● DATA EXTRACT:

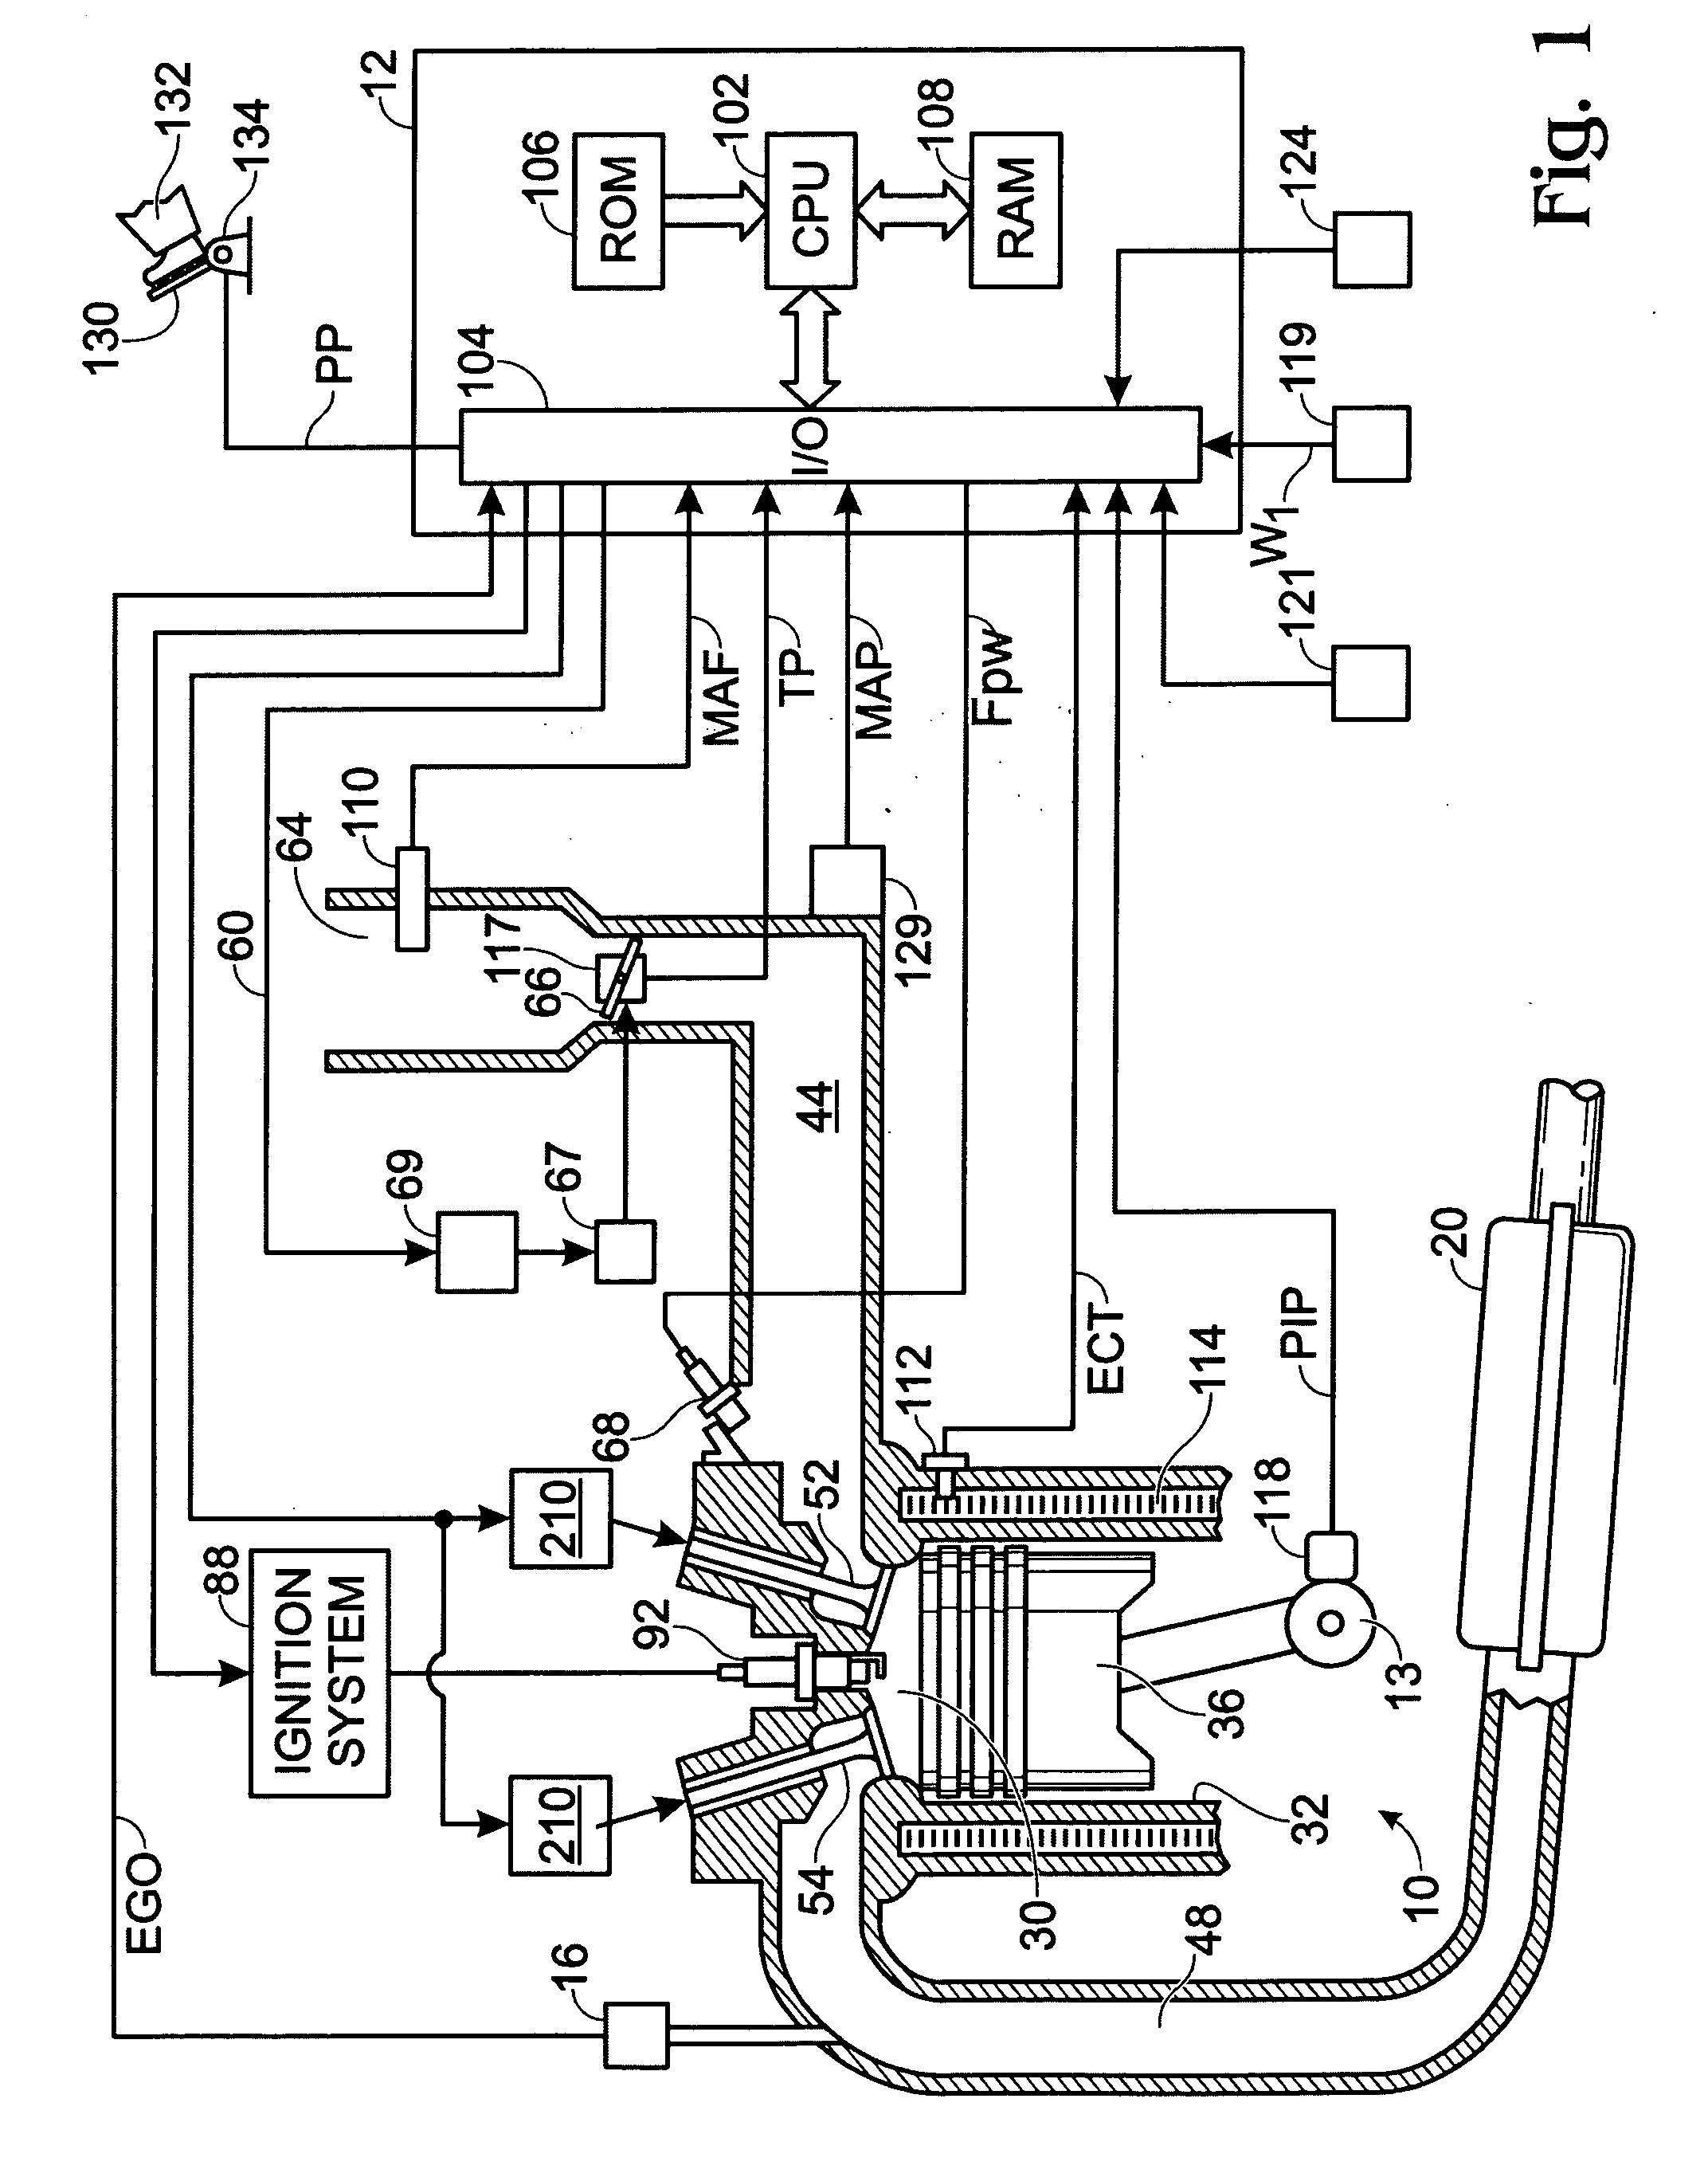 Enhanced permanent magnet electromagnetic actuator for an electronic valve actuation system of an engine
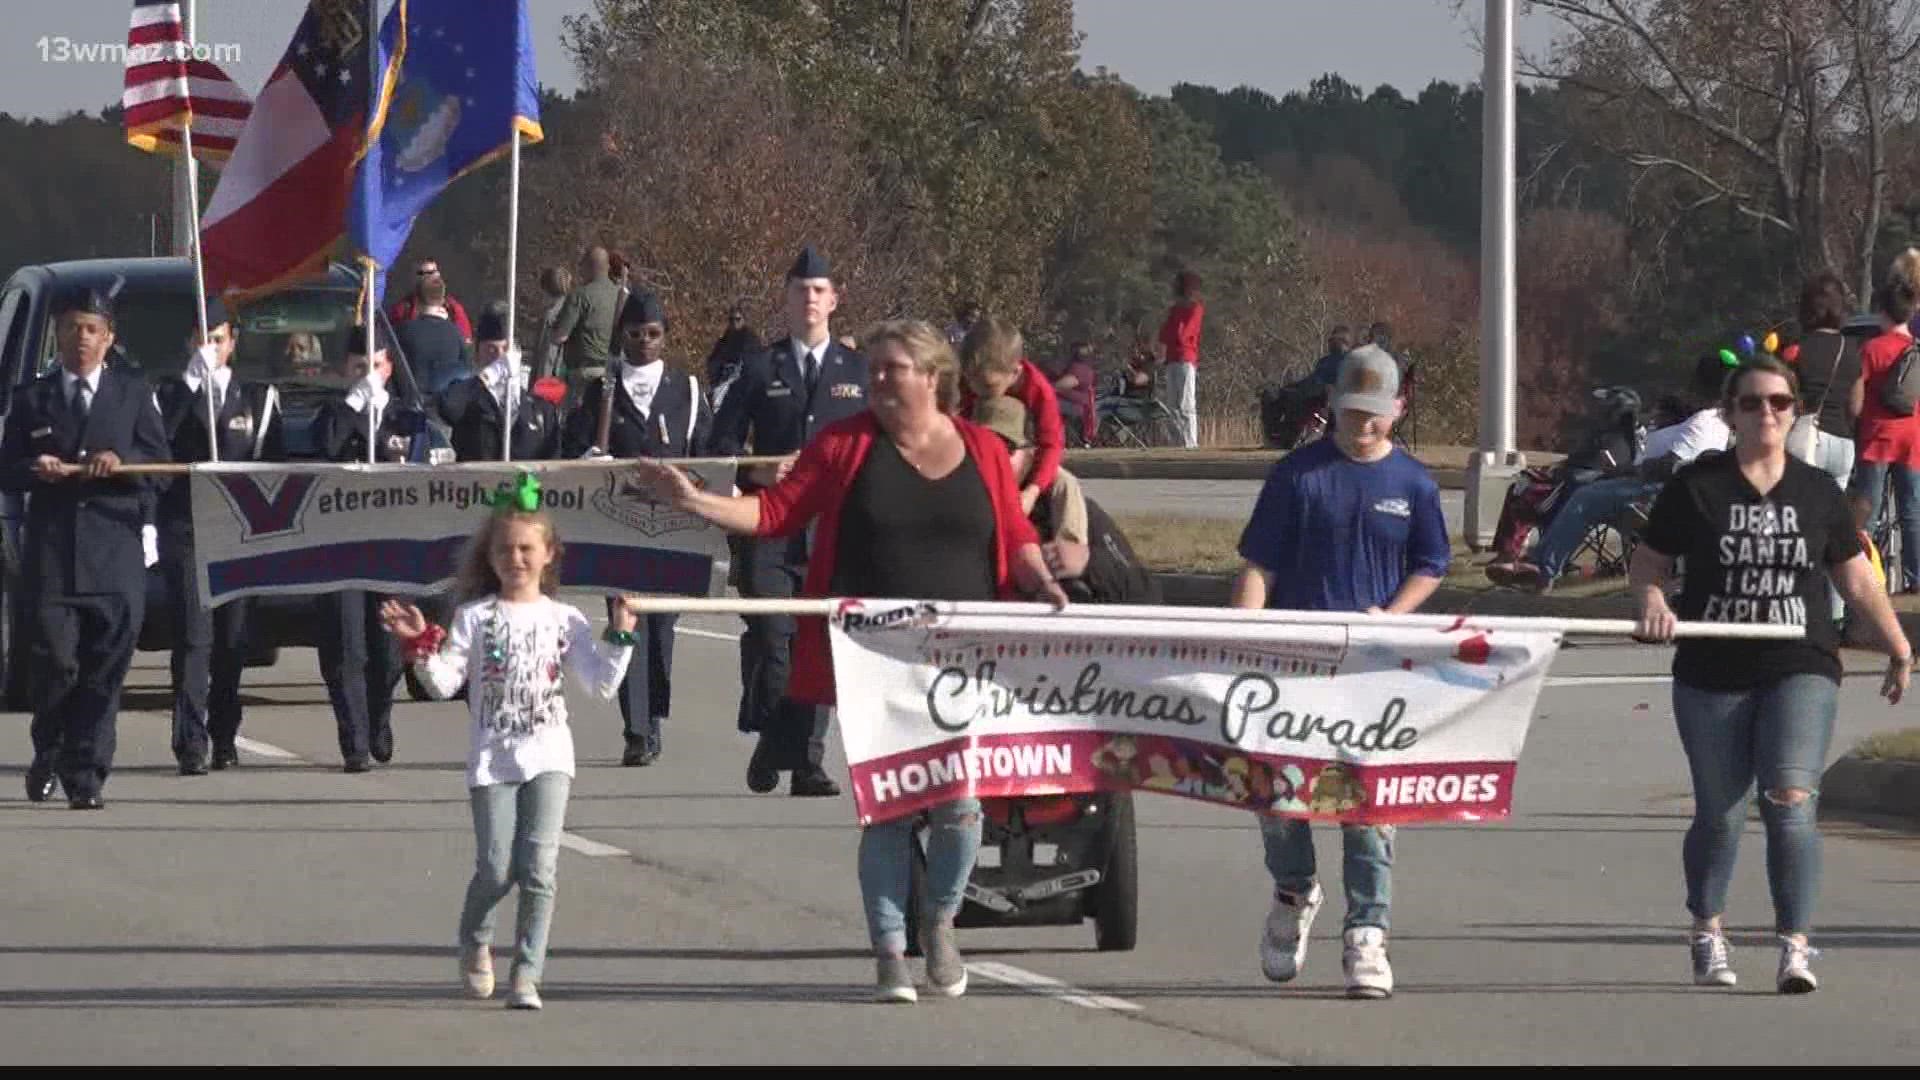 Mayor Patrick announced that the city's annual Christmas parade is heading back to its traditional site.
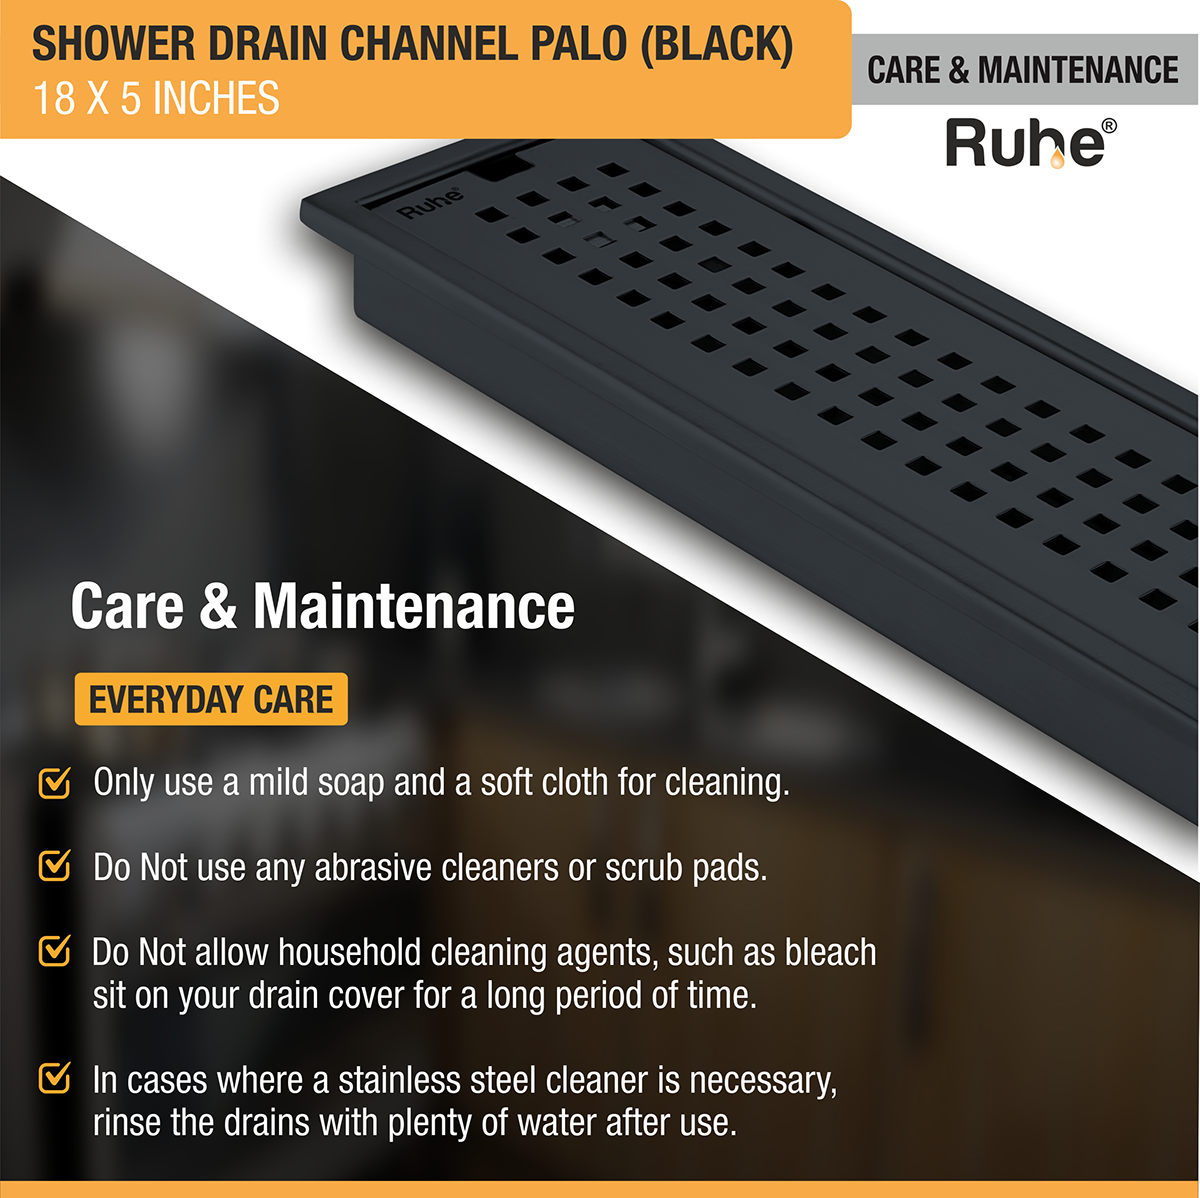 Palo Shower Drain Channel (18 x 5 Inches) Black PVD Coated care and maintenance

● TASK DIRECTIONS: Take the listing above and retype it exactly. Its pictures are to be omitted.

● SOLUTION TO THE PROBLEM:
 Enhanced permanent magnet electromagnetic actuator for an electronic valve actuation system of an engine
 Mayor Patrick announced that the city's annual Christmas parade is heading back to its traditional site.
 Palo Shower Drain Channel (18 x 5 Inches) Black PVD Coated care and maintenance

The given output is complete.